Omit the images and output every line of the data below exactly.
AVAILABLE DATA START
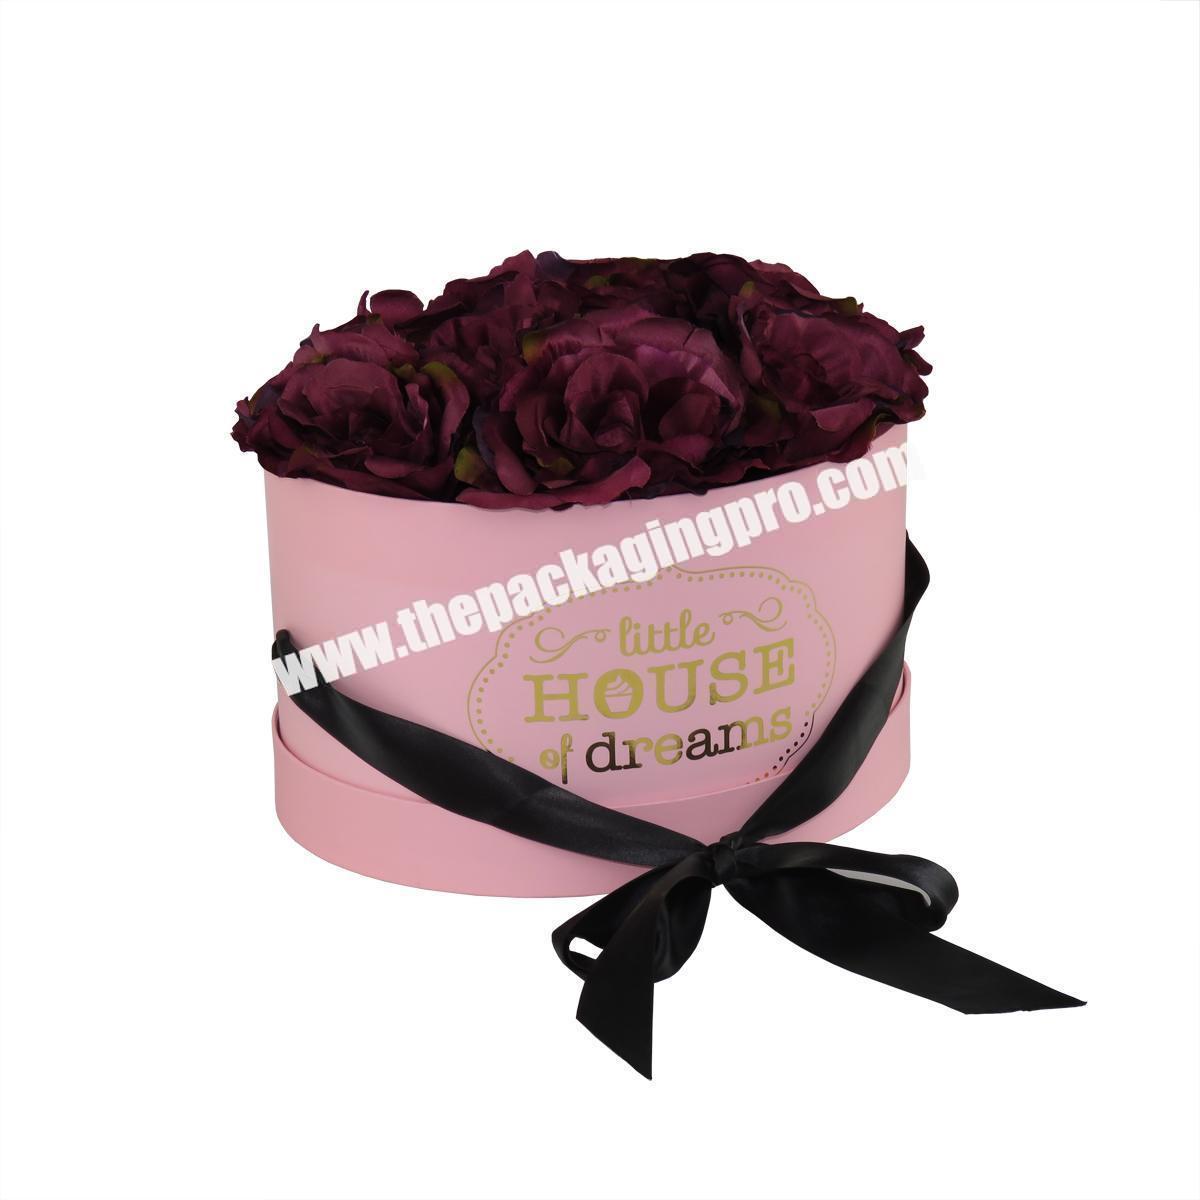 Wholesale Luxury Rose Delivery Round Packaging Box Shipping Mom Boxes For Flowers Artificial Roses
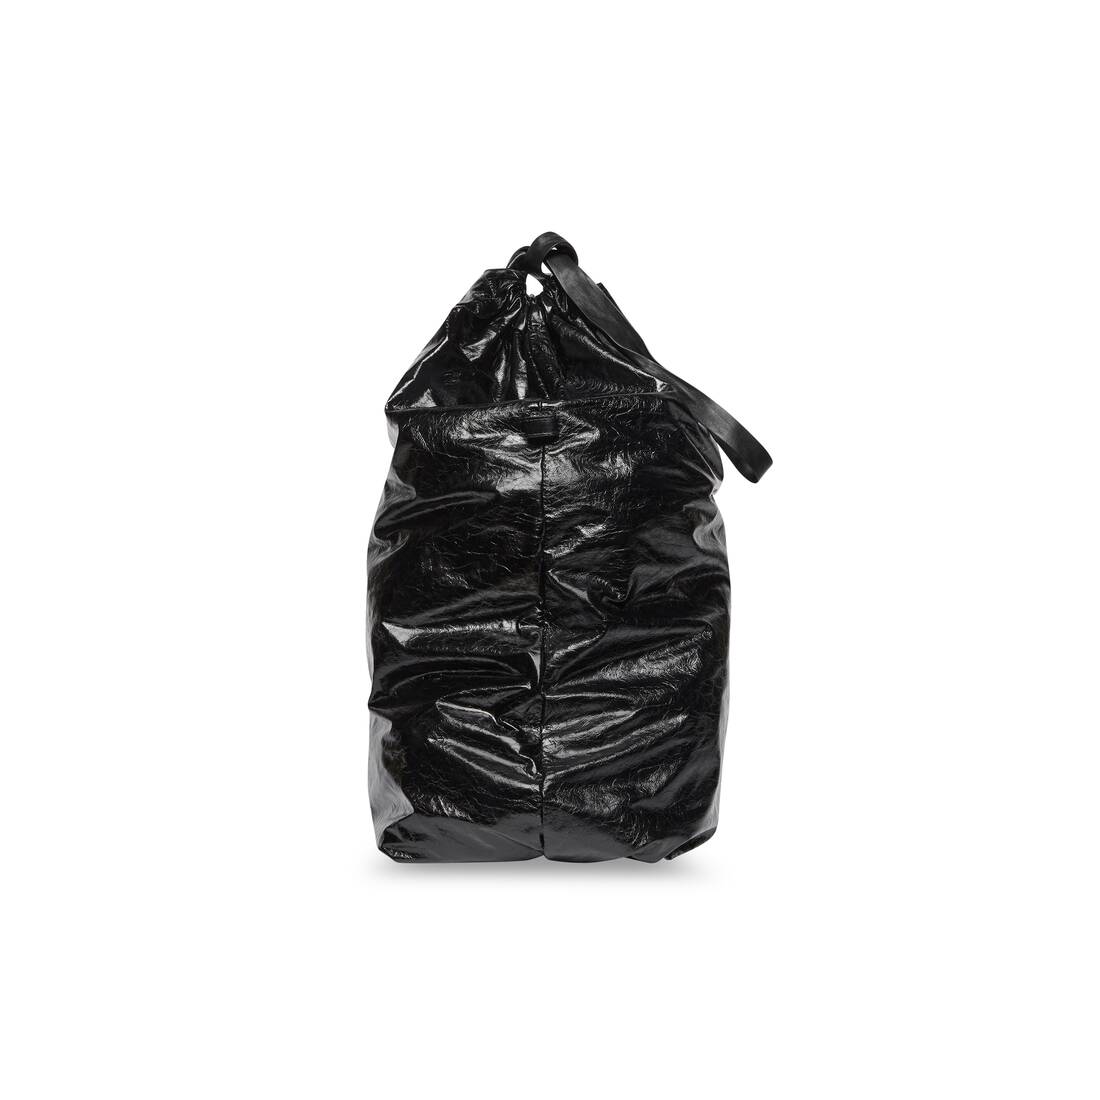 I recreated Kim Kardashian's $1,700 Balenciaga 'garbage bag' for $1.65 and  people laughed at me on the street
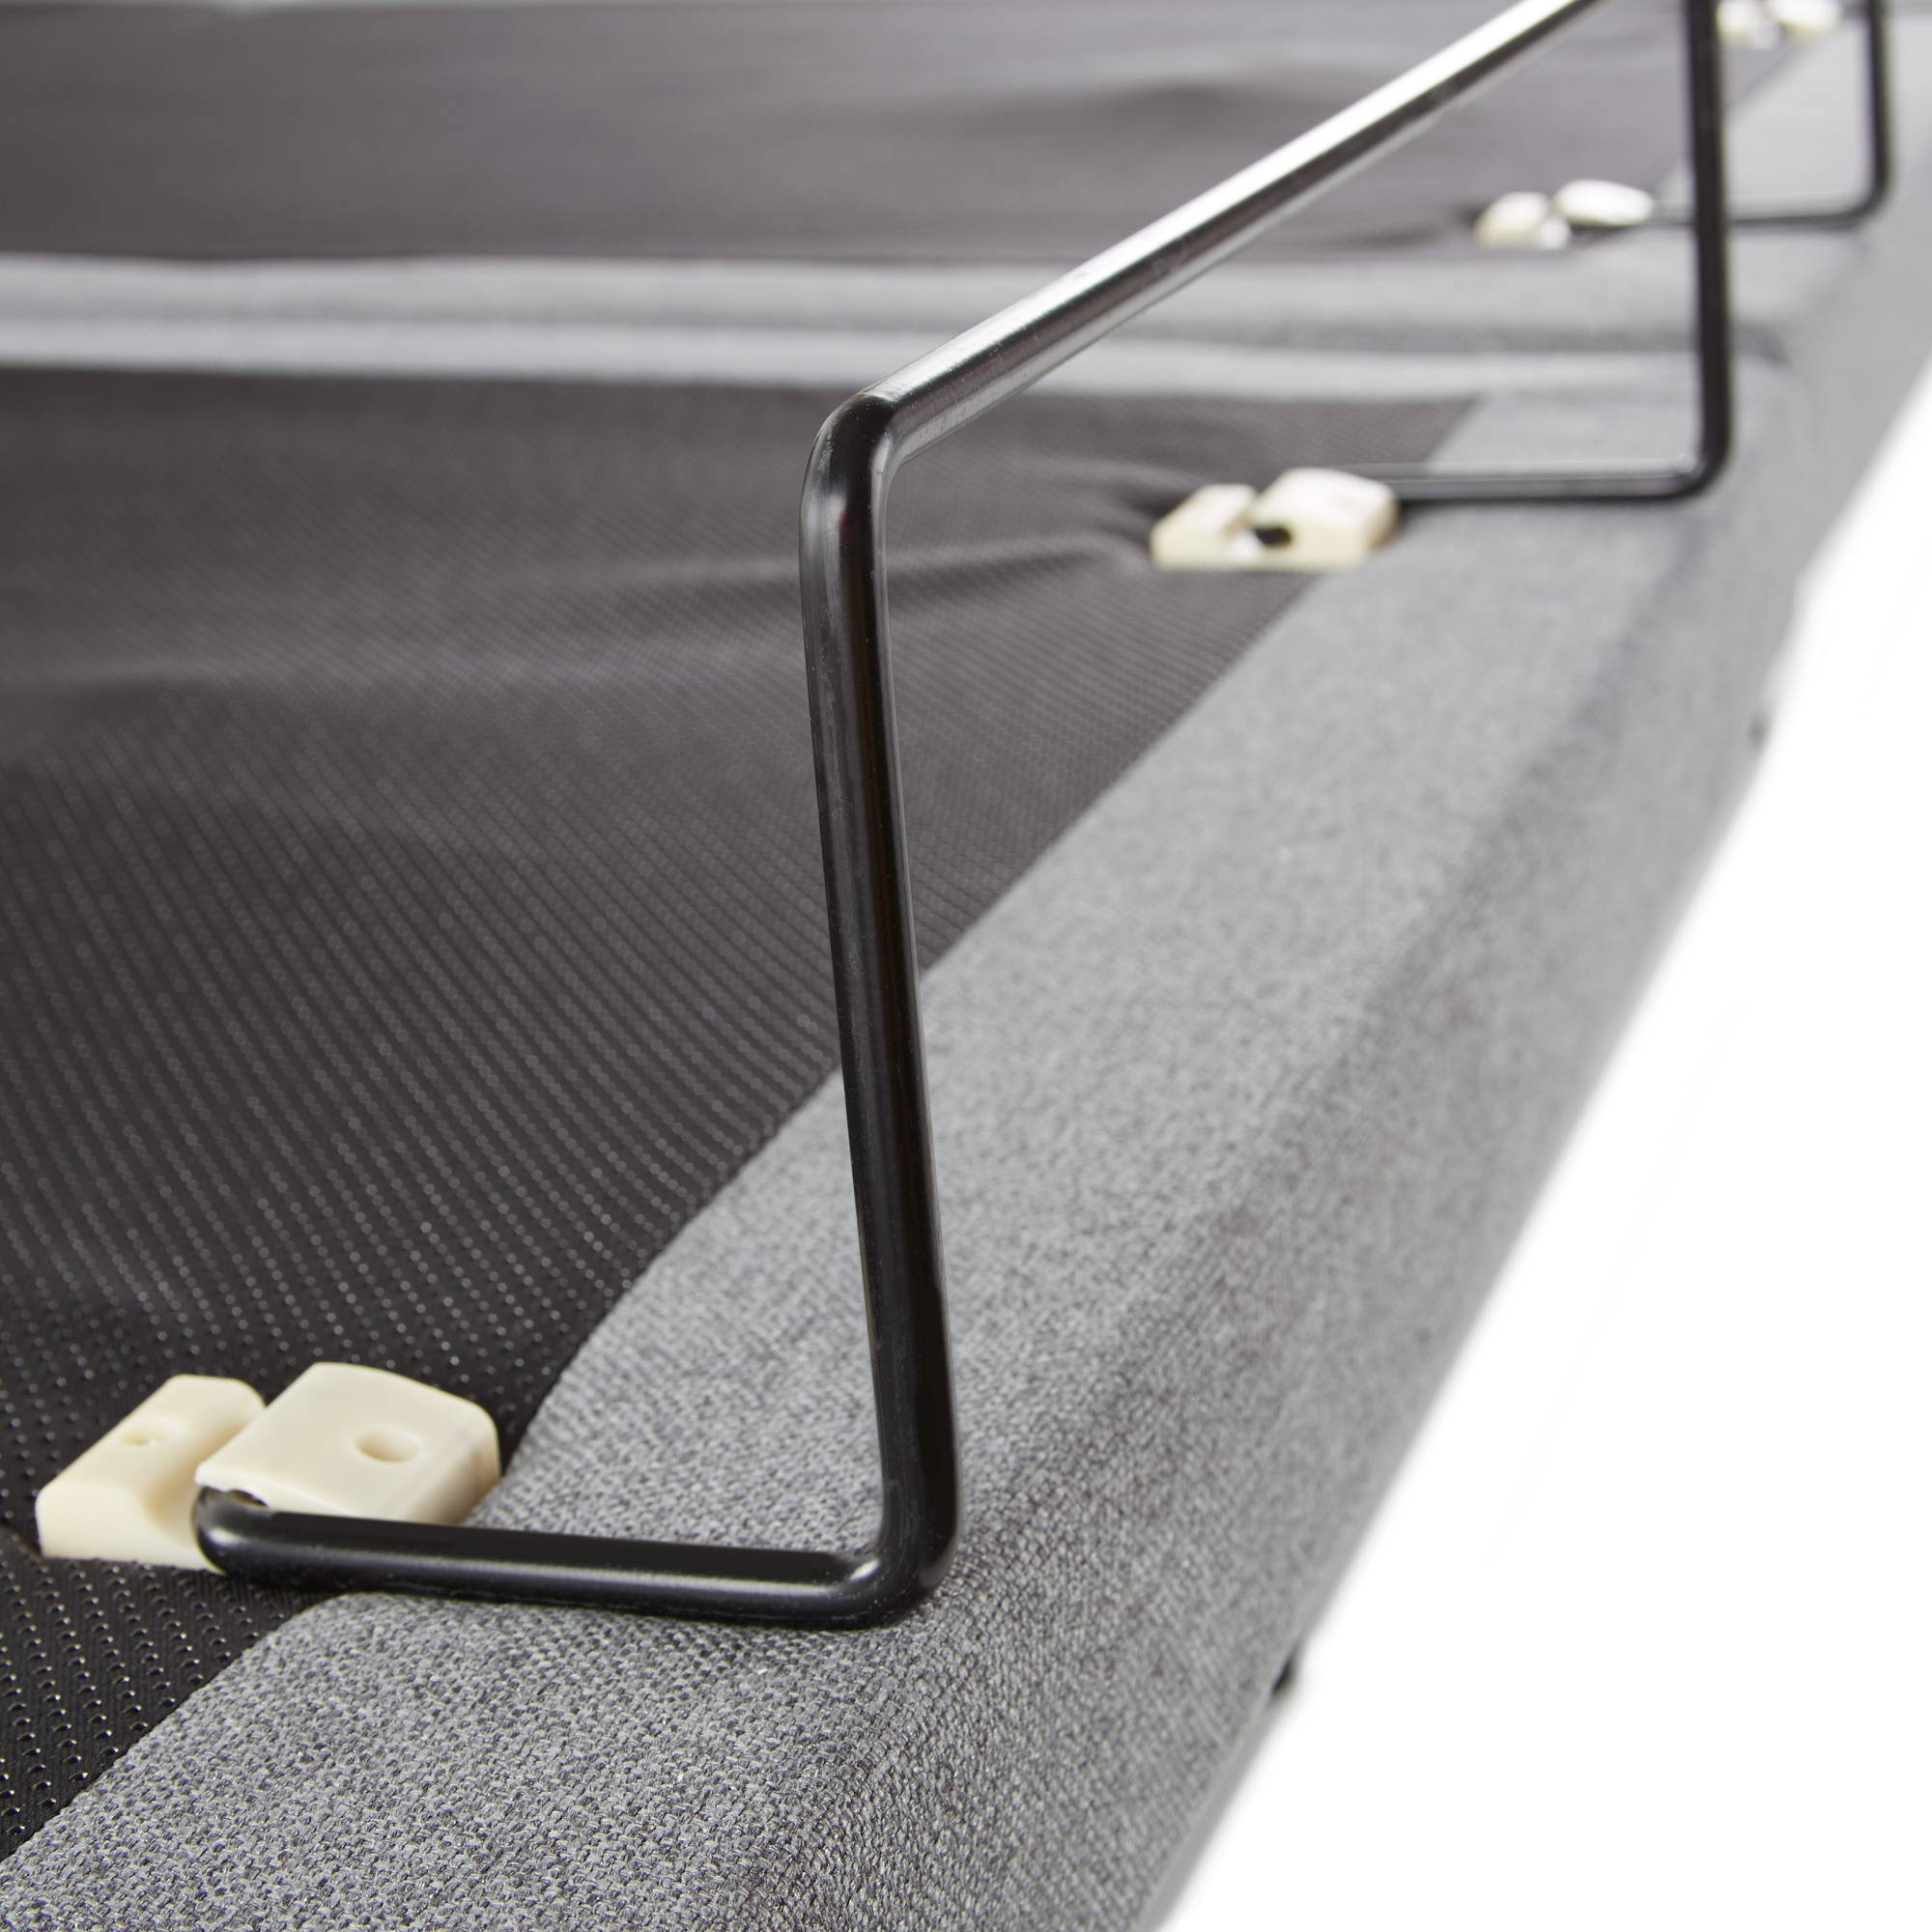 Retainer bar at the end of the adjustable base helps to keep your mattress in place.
AVAILABLE DATA END
| RESULT FOR THIS TASK |
 Wholesale Luxury Rose Delivery Round Packaging Box Shipping Mom Boxes For Flowers Artificial Roses
 I recreated Kim Kardashian's $1,700 Balenciaga 'garbage bag' for $1.65 and  people laughed at me on the street
 Retainer bar at the end of the adjustable base helps to keep your mattress in place.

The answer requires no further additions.